Yet, as the country is a member of the UN, I still found this sign in the overflow room for the plenary.

A sign that says Myanmar on a table in a room with many other tables in front facing rows.

I’m excited to share my ethnic heritage with people in the hopes I might find someone else out there from an ethnic group of Myanmar. To have a connection with more than a plastic sign here. Even with my complex feelings about the notion of a “national identity” around “Myanmar”, I knew the exclusion of the country would be one of the largest defining factors in my ability to find other members of the diaspora. I knew it would mean the global conversations around climate change would move on without acknowledging the people in that country, my friends and family, who have been undergoing floods at unprecedented scales across the recent years, putting a global biodiversity hot spot at risk. It’s my fourth day here, and I have been thankful to the many people who have tried to connect me to groups that might be able to help… but I still haven’t succeeded.

This will not stop my search.

On the other hand, what I did find were other youth who shared similar sentiments:

Oh, I am/We are also from a community that is not represented at this conference, attending through other means.

These peers too understood the experience of being of communities that are silenced from the international political dialogue, one that has been structurally designed to erase us. We sit as observers in negotiation rooms as jargon flies by, we sit as the pressure of what all these conversations are supposed to mean to us creeps in. We ask each other:

So… why we even here?

And is that enough?

Am I doing enough, to carry the burden of all my ancestors before me who worked hard so I could be here now?

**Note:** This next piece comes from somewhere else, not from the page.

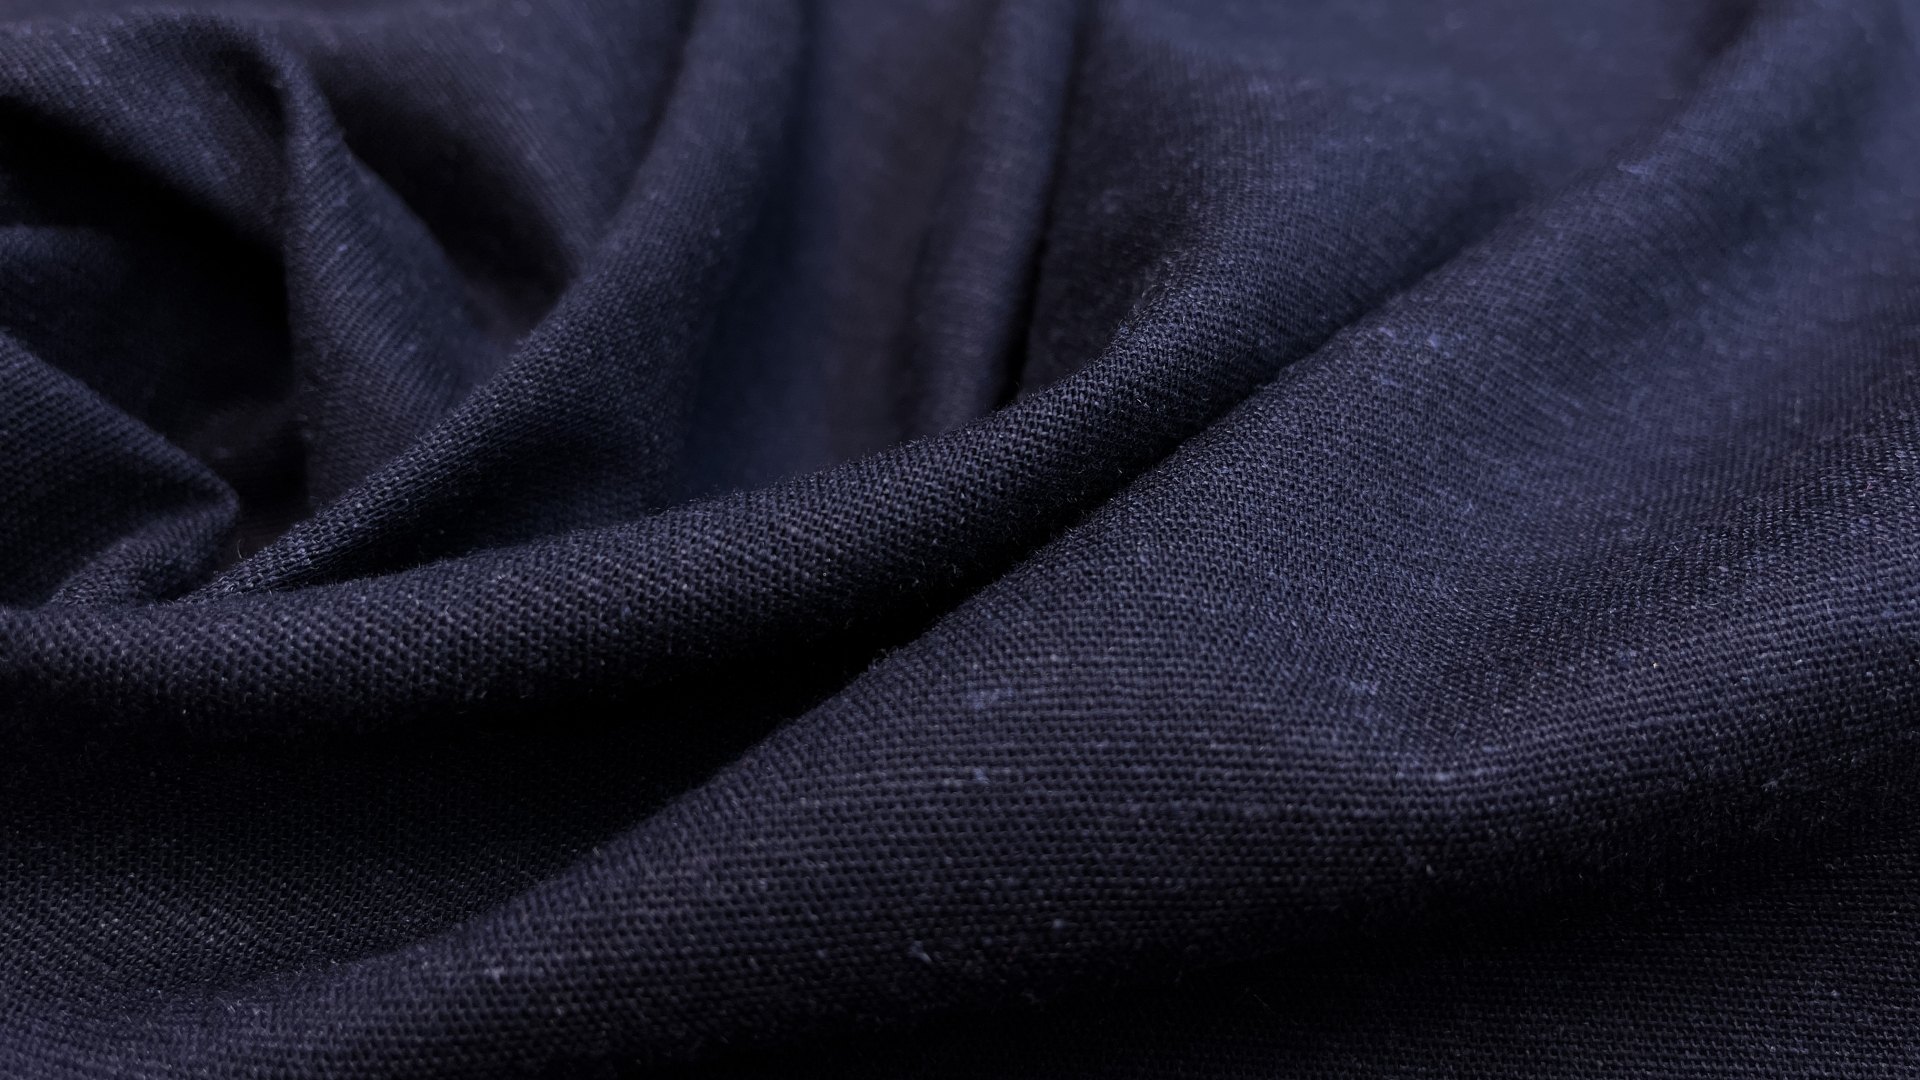 Льняное с вискозой полотно  темно-синего цвета. Полотняная выработка, в основе пластичен, не сухой и не шершавый. Не светится. Можно шить и прямую классику, и свободный крой. Идеально для летних брюк, рубашек оверсайз, прямых свободных базовых платьев.
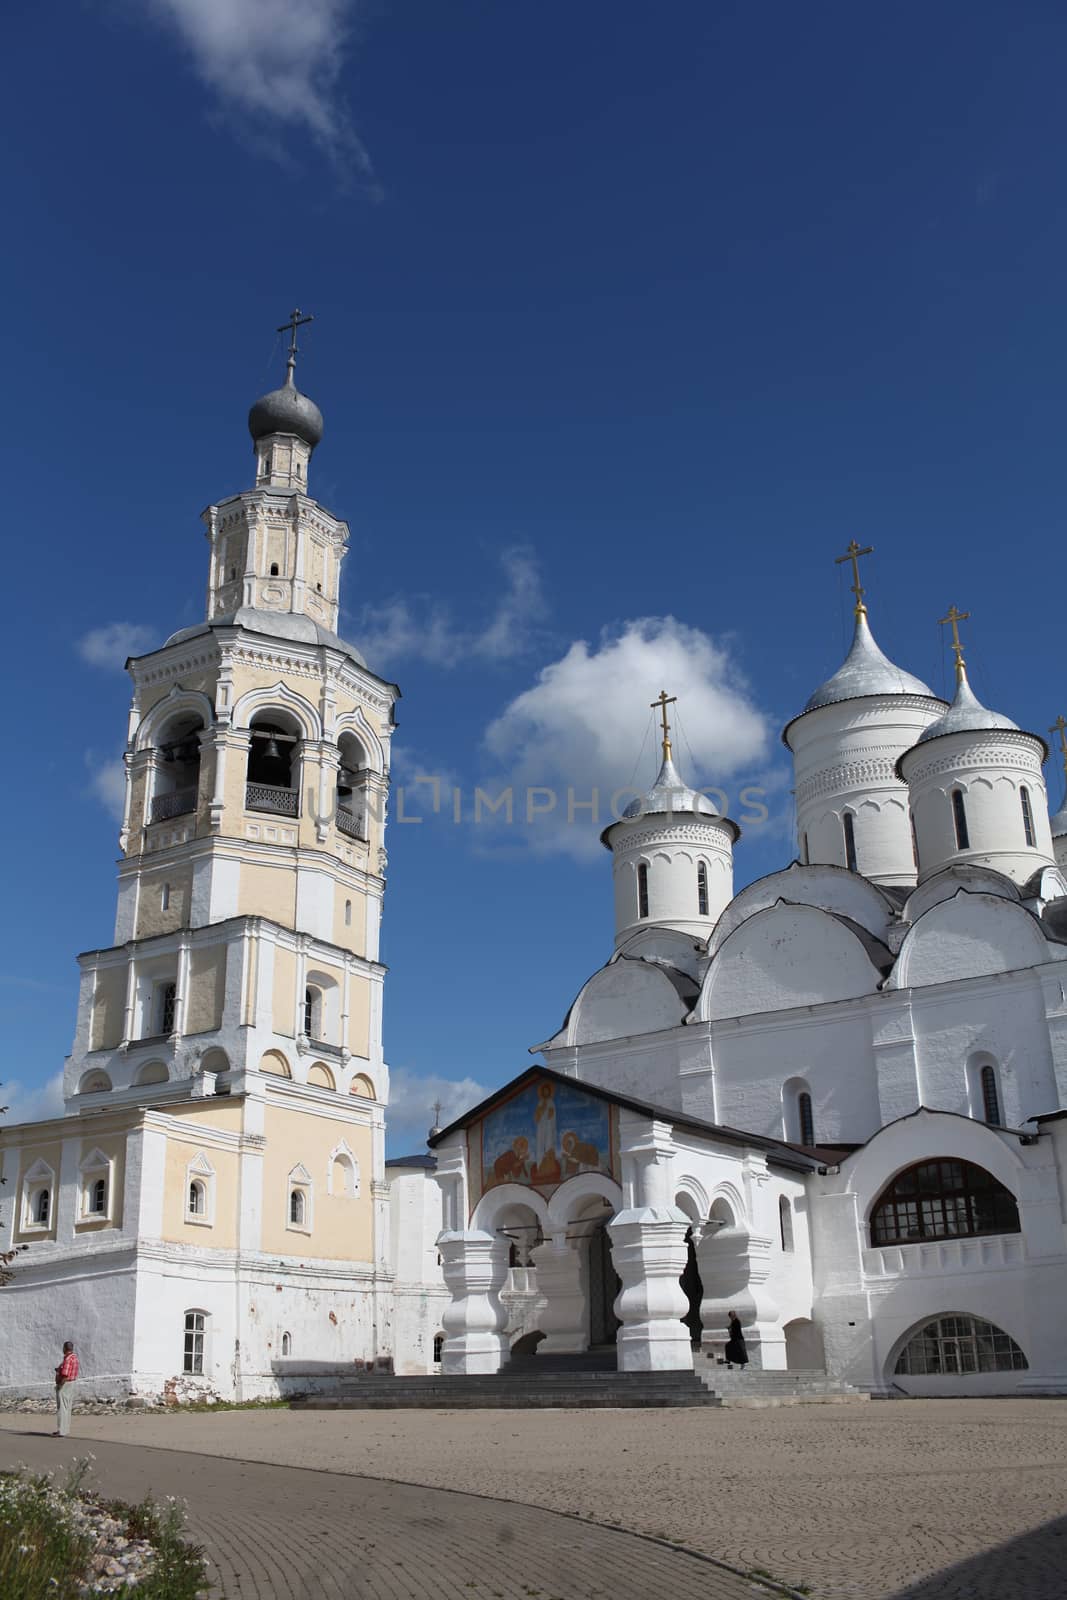 View of Spaso-Prilutsky Christianity monastery by mrivserg

It’s hard to watch, as people move in groups all around me, connected by one thing or the other, while feeling so incredibly aware of how, if not for colonialism, imperialism, you name it… there would be others like me too. It’s certainly not a new feeling, but it is one that hits different each time it comes up again.

Suddenly, I feel so small.

Though, having someone that understands makes me feel, a little less small, and a little more of a sense of belonging.

I am reminded of a quote that too, re-emerges just as often:

There’s really no such thing as the ‘voiceless’. There are only the deliberately silenced, or the preferably unheard.

Arundhati Roy

Marginalized peoples, whether acknowledged by international political powers or not, have never been “voiceless”. We have been fighting for hundreds of years. Our voices continue to ring on.

There have been many references to the centerpiece of this COP:

This is the year that COP 27 actually moves towards acting on implementation.

This is the year that COP 27 actually centers food systems.

This is the year that COP 27 actually supports youth participation.

This is the year that COP 27 actually addresses loss and damage.

Well, I can tell you for a fact that this is the year that COP 27 has a Climate justice Pavilion in the Blue Zone, in spite of representing people that would otherwise be in the Green Zone, one-off events to check off the “diversity” requirement of their programming, or not present at all. I am thankful to have had the invitation to volunteer with them during my time in the conference through one of the main organizers WeACT for Environmental Justice. One of WeACT’s top community priorities is energy security and I connected with them through Young Professionals in Energy-NYC’s mentorship program.

I am continuously starstruck to meet environmental justice leaders whose works I’ve read in class or podcasts I’ve listened to while on the subway or online webinars I attended from my bedroom, and to be actively part of the work to support them. I could only describe this as a fraction of the amount of gratitude I have. Their work has pushed me to further dive into decolonizing my own identity, and working for and with community.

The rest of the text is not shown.